**SUPPLIED DATA**
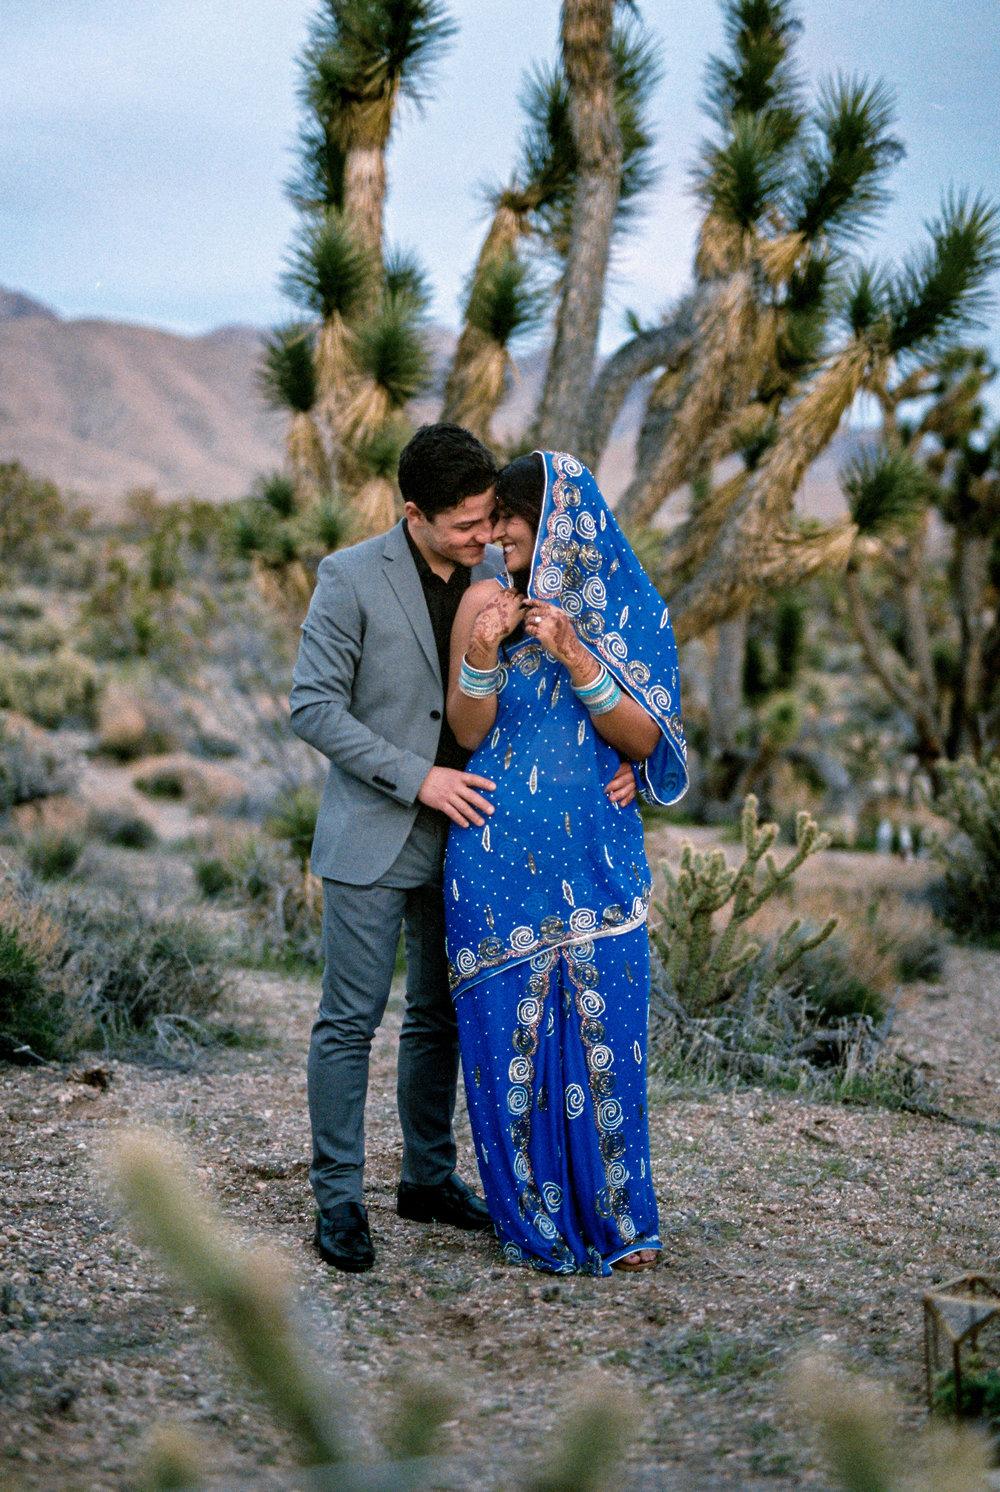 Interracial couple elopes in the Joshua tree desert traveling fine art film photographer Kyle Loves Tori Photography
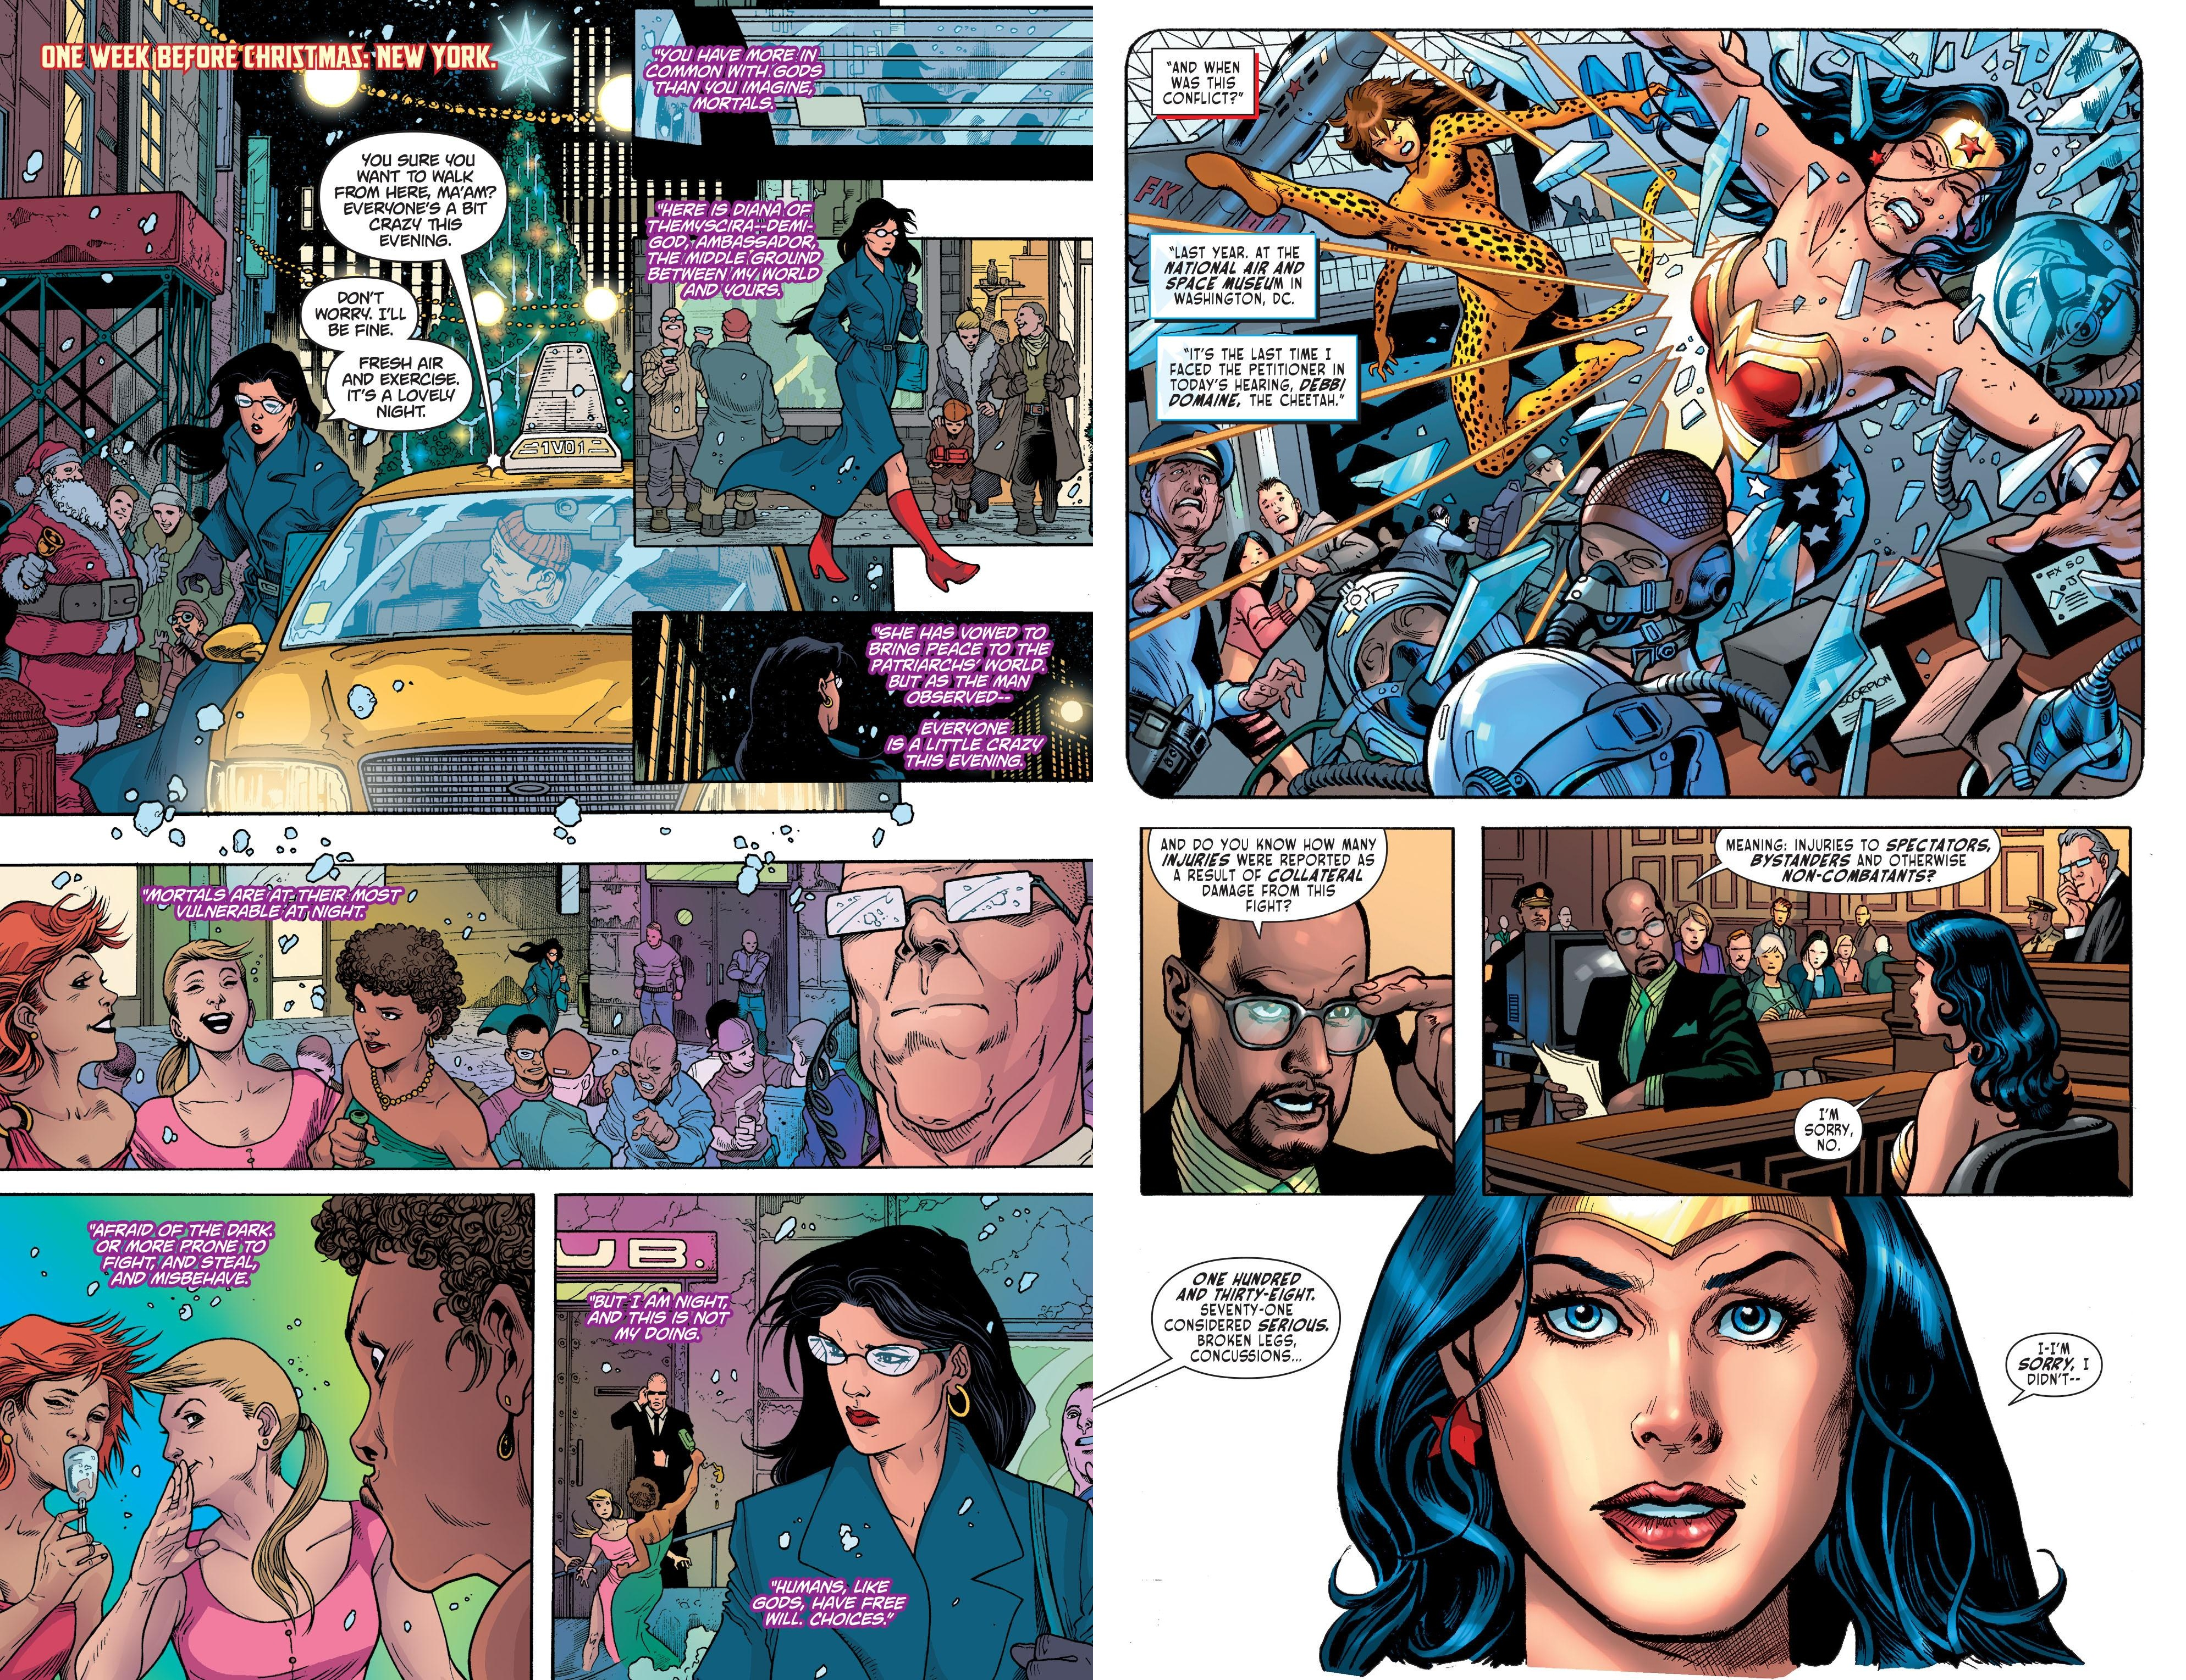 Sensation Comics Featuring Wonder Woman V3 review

==

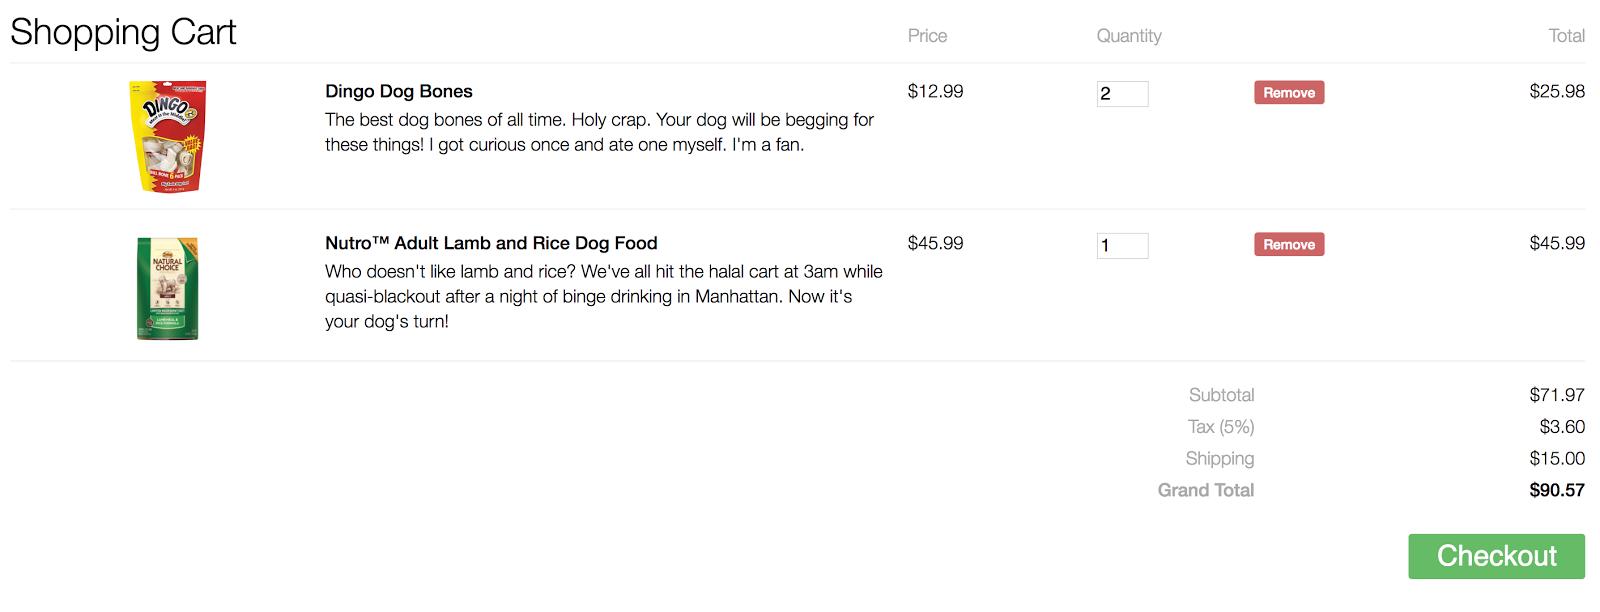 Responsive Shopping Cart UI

**WORK INSTRUCTIONS**
From the data above, return only the lines starting at the line that holds "Interracial couple elopes" and ending at the line that holds "Sensation Comics Featuring", word for word and without pictures.

**ANSWER TO THE EXERCISE**
 Interracial couple elopes in the Joshua tree desert traveling fine art film photographer Kyle Loves Tori Photography
 Sensation Comics Featuring Wonder Woman V3 review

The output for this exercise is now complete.